August 10: Edward Gardner directs the LPO. Making a trip through frozen waters and waterfalls in waterfall, the London Philharmonic presents a quartet of pieces, including the Mer of Debussy and Sibelius’s Oceanides, with an aquatic theme. The Mezzo-Soprano Electrizar Aigul Akhmetshina joins, for its debut in the graduation.
August 14: Joe Hisaishi and Steve Reich. The legendary study of the Ghibli study Joe Hisaishi makes his debut in the graduation dance carried out by the Royal Filharmonic Orchestra, interpreting the end of the world to its symphony, inspired by the bombings of Hiroshima and Nagasaki.
August 23: Mäkelä directs Mahler’s fifth. The Finnish director Klaus Mäkelä is not 30 years old yet, but his electrifying actions have already reached the headlines worldwide. He arrives at the graduation dance with the Dutch Concertgebouw orchestra, to play Mahler’s Fifth Leonine Symphony.

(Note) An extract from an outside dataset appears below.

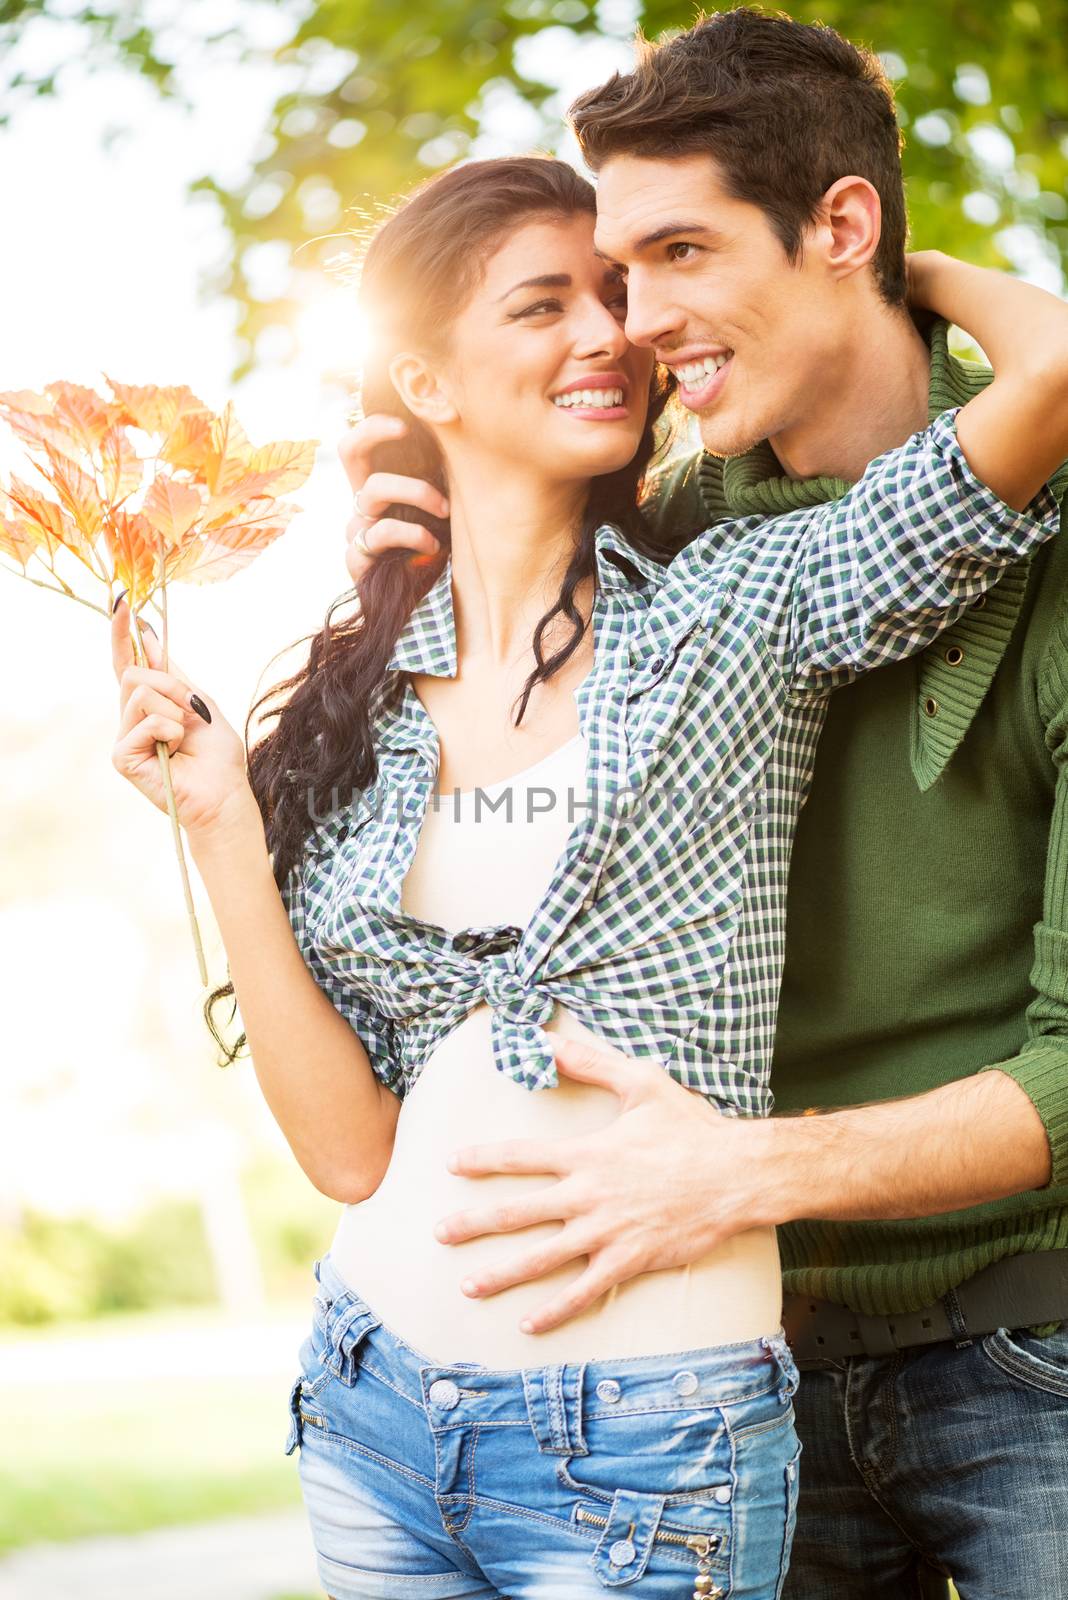 Young love couple in the park are embraced, a girl carries sprig of autumn leaves.

September 7: Angelique Kidjo – African Symphony. “I want to show the world the richness and beauty of African culture,” says the Benin-French music icon Angelique Kidjo or his return to graduation dance. Part of the program of the city of the culture of Bradford, his concert will highlight iconic clues of legends such as Miriam Makeba, Fela Kuti and Youssou N’Dour.

The season concludes with the traditional “last night” on September 13, held by Elim Chan.
The soprano Louise Alder and the trumpeter Alison Balsam will turn stars, along with the traditional popurri of Santies, Pomp and the circumstances and Auld Lang Syne.
The concert will also include the favorite “Easter Egg” by Donat for his first year in charge.
“There is a musical piece that had wanted to enter the graduation dance for some time,” he says, referring to Arthur Benjamin’s storm cloud.
The music was originally written for the thriller of spy of Alfred Hitchcock, The Man who knew too much in 1934; And reorganized by Bernard Herrmann for the Hitchcock remake in Hollywood in 1956.
“The final scene takes place at Albert Hall,” explains Dotan, “and while Jimmy Stewart is chasing this murderer around the building, Bernard Herrmann is carrying out the orchestra on stage, and that is the piece we are including on the last night of the proms.
“It is one of those little winks to the audience that I like to include the duration of the season.”
For those who cannot attend, all concerts will be broadcast on BBC Radio 3 and BBC Sounds, and 25 of the nights will be televised.